Apresentou-se todas as noites durante 20 dias, sem ganhar um centavo. Bastava-lhe o título de hóspede de honra do presidente paraguaio.O apogeu de Mario Zan aconteceu entre 1954 e 1964, quando ele esteve entre os artistas mais executados das rádios de todo o país. Sempre relacionado ao São João, era lembrado como uma figura indissociável da cultura paulistana. Sobre o São João, lamenta que a música tenha perdido muito de suas características depois da morte de Luiz Gonzaga, em 1989.
"Não precisamos de letras com duplo sentido para alegrar as pessoas", avalia. "Gonzagão foi o rei de tudo isso cantando músicas bonitas, sem apelação de sexo." Mario defende que baião tem de ser alegre, não ofensivo. "Acho que todos deveriam seguir a escola de Gonzaga e usar a música para falar das histórias, dos romances e da cultura do Nordeste", afirma.A única coisa capaz de tirar Mario Zan do sério se chama direitos autorais. Quando o assunto é lembrado, sem perder o humor, ele pede um tempo antes para fumar um cigarro. Tem lá seus bons motivos. Apesar de "Nova Flor" ter estourado já na década de 1940 e se manter como um sucesso permanente na Argentina, no Paraguai e no México - numa viagem recente, o sanfoneiro trouxe 40 CDs com interpretações da música -, além de Estados Unidos e Alemanha, seu autor diz até hoje que os direitos autorais da canção no exterior em cinco décadas não totalizam R$ 50 mil.
Os americanos, ressalta, são os que melhor pagam direitos autorais no mundo. A cada seis meses, Mario recebe entre R$ 3 mil e R$ 5 mil. "O artista no Brasil é roubado em todas as etapas, os fiscais não mencionam a música da gente, que entra como autor desconhecido." Com mais de cem canções gravadas, os depósitos em sua conta bancária não passam de R$ 500 a R$ 600 por mês. "Os fiscais do Ecad (Escritório Central de Arrecadação e Distribuição) não passam recibo para os clubes e fazem acertos por um percentual do que teriam de pagar em direitos." Na semana passada, às vésperas do show no Sesc, brigava com o Ecad para liberar 10% do show que faria. No espetáculo, 31 músicas de sua autoria.Até o começo da década passada, Mario Zan mantinha uma rotina cansativa de shows quase diária. Chegava a se apresentar até quatro vezes no mesmo dia.
Longe dos holofotes da televisão, Mario Zan continua a animar centenas ou talvez milhares de festas juninas todos os anos com suas centenas de milhares de CDs que vende todos os anos.

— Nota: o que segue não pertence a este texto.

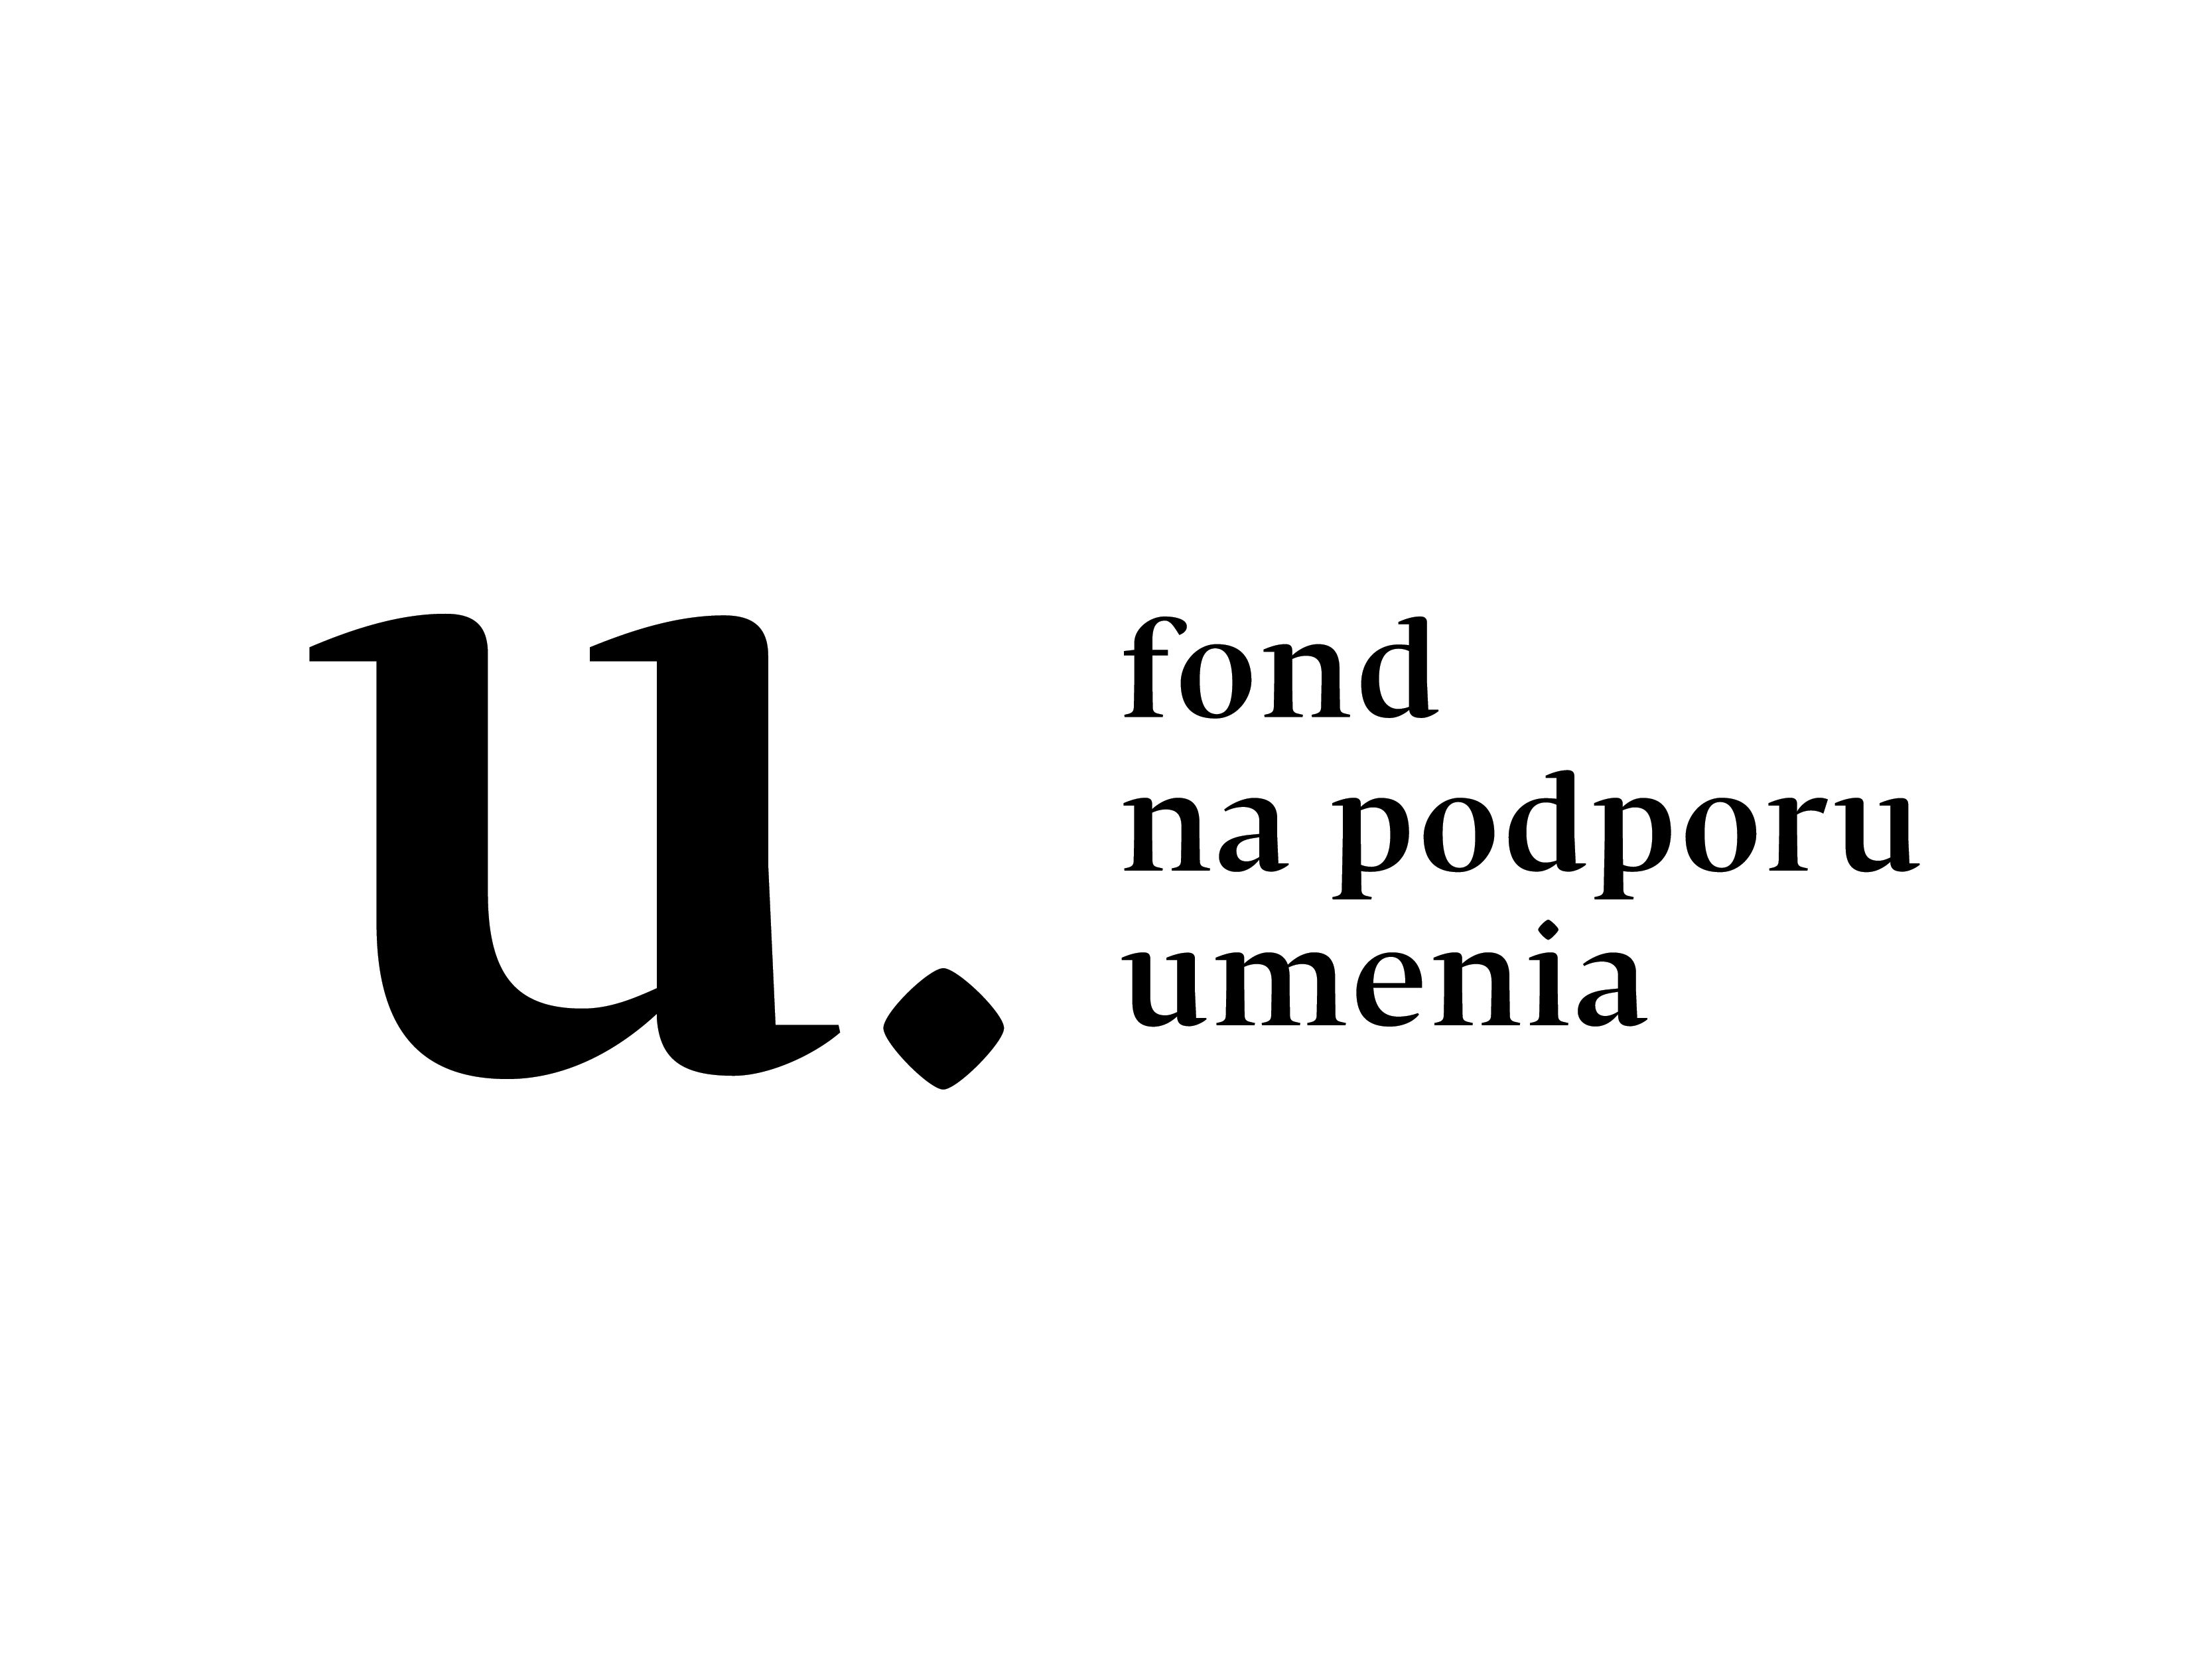 FPU logo2 cierne

Enquanto promete que vai largar o cigarro, mostra sua energia jovial de alguém que se sente recompensado e feliz quando diz que toca para fazer o povo dançar. "Toco o que o povo quer", repete entusiasmado.Sempre que o chamavam de rei da sanfona, Luiz Gonzaga consertava: "Não, eu sou o rei do baião, o rei da sanfona é Mario Zan." E se o rei disse, está dito.